■ RECORDED INFORMATION:
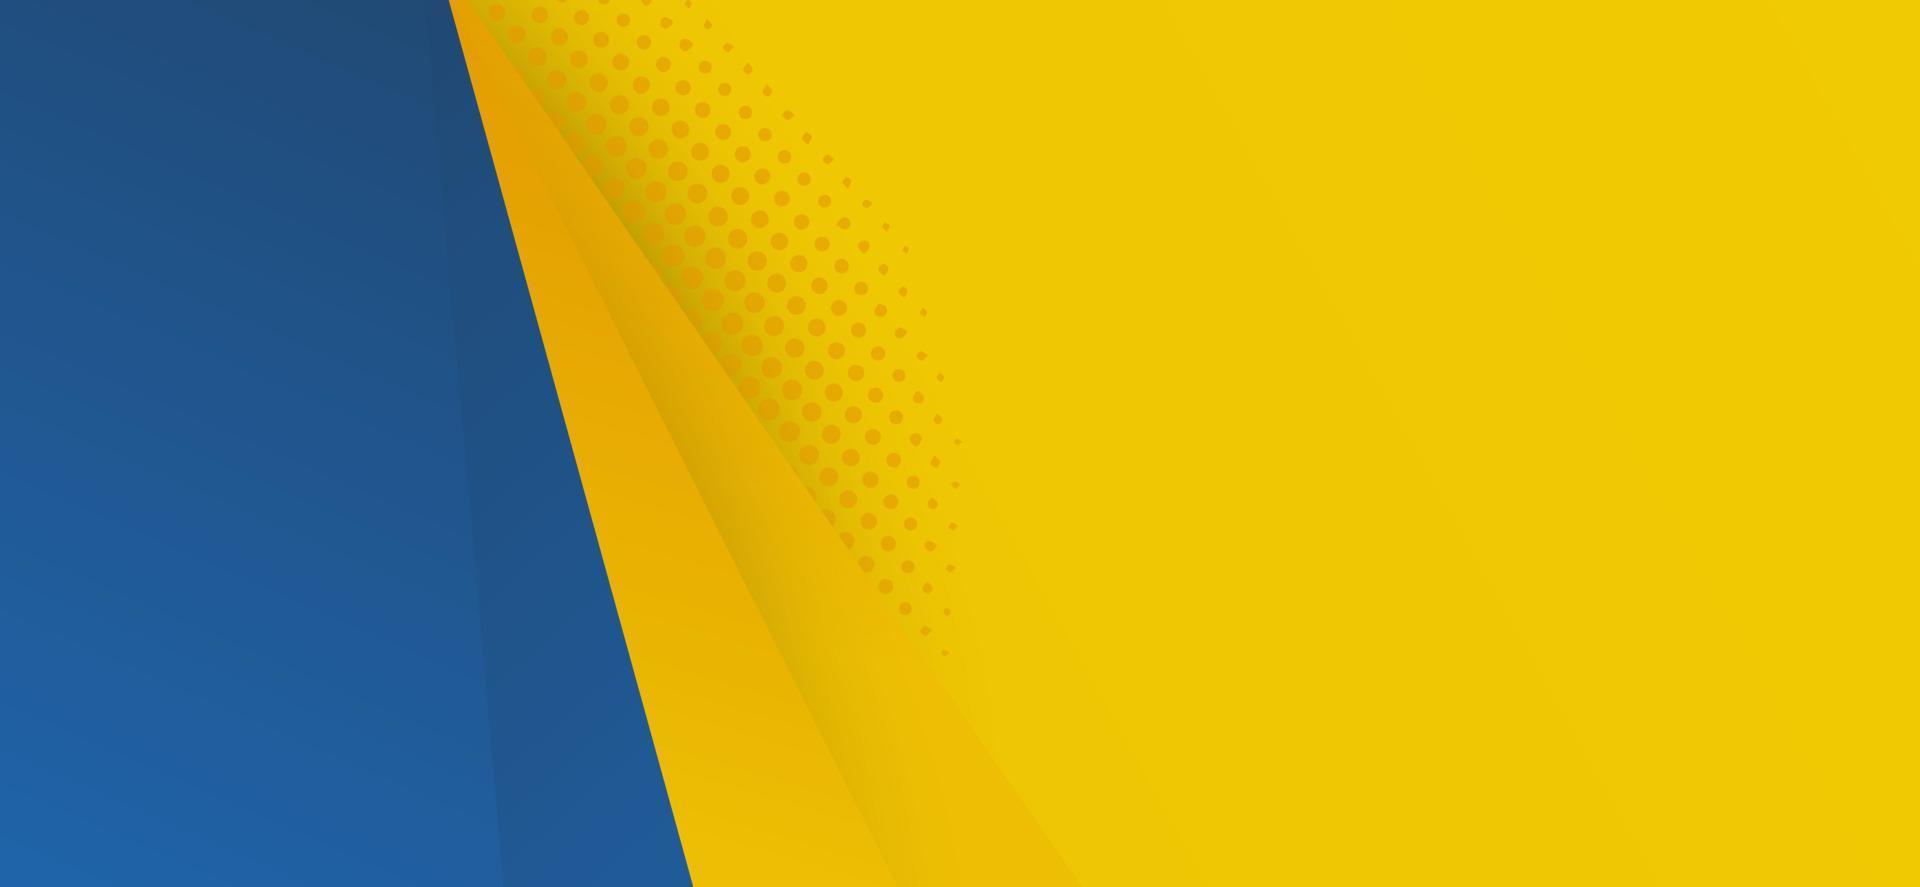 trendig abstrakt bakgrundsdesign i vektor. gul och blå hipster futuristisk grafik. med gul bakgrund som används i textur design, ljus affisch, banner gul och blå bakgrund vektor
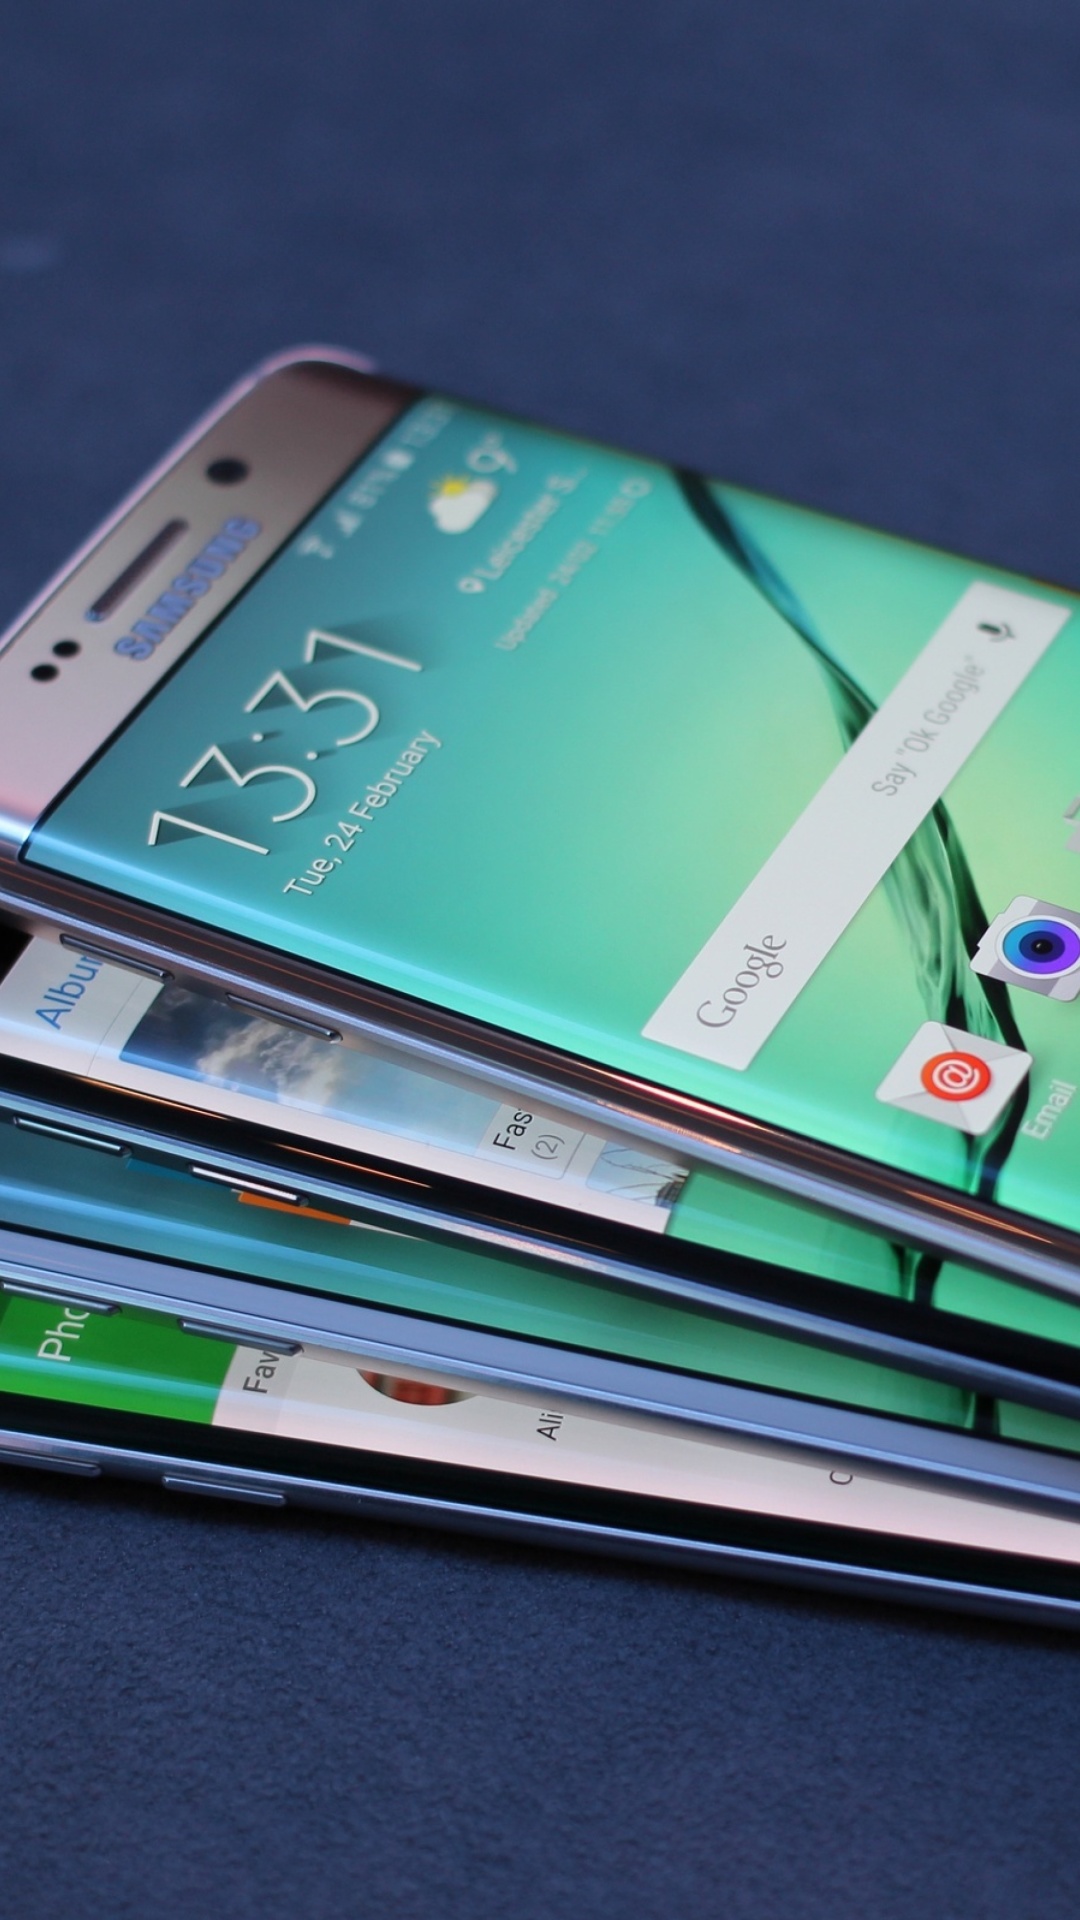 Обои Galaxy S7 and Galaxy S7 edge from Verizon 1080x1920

--

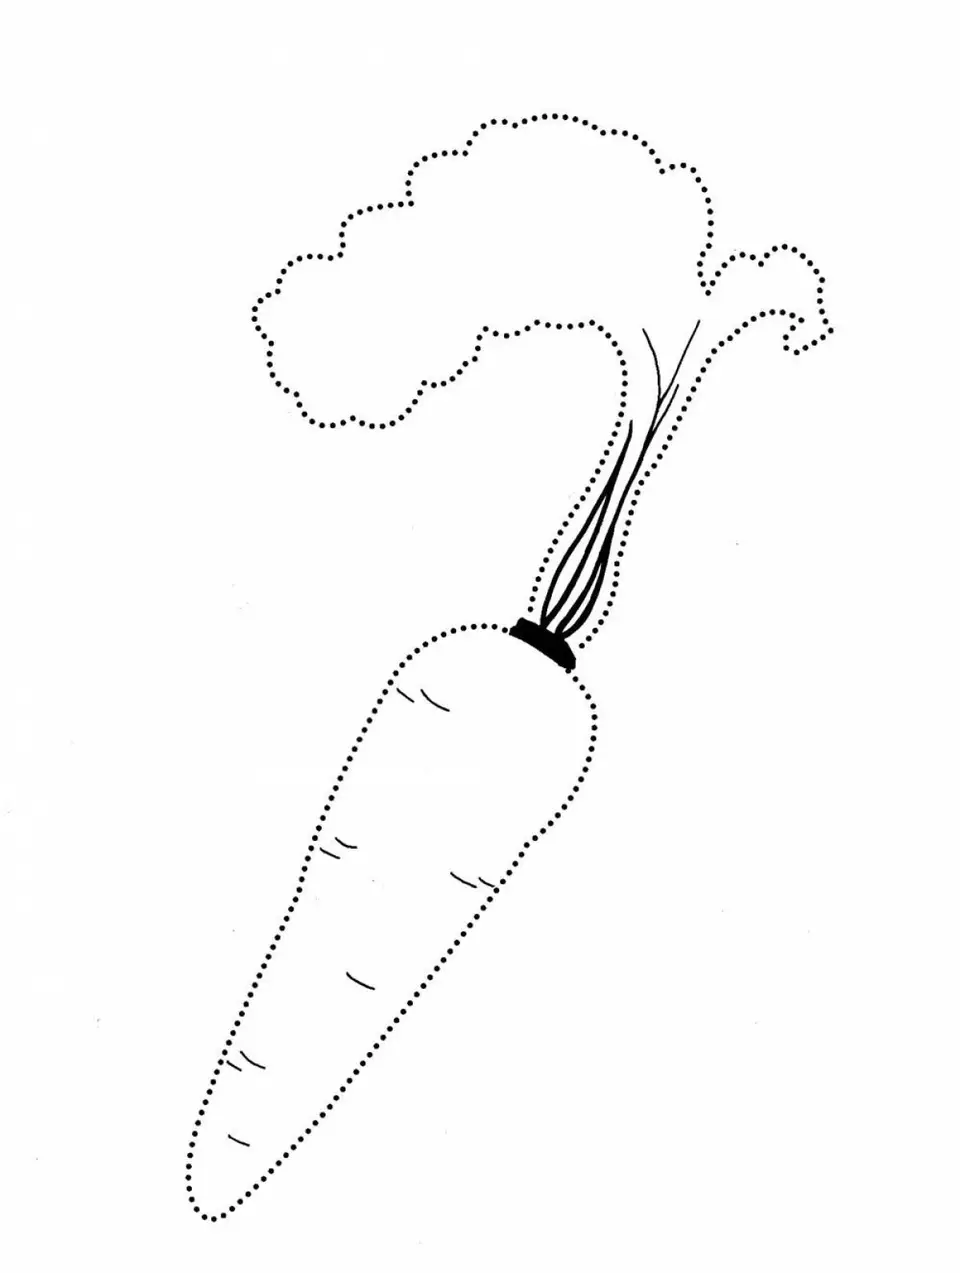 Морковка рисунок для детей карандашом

■ EXERCISE: Give again the stretch of the entries above that begins at the line with "trendig abstrakt bakgrundsdesign" and ends at the line with "Обои Galaxy S7", word for word, with no pictures.

■ OUTPUT:
 trendig abstrakt bakgrundsdesign i vektor. gul och blå hipster futuristisk grafik. med gul bakgrund som används i textur design, ljus affisch, banner gul och blå bakgrund vektor
 Обои Galaxy S7 and Galaxy S7 edge from Verizon 1080x1920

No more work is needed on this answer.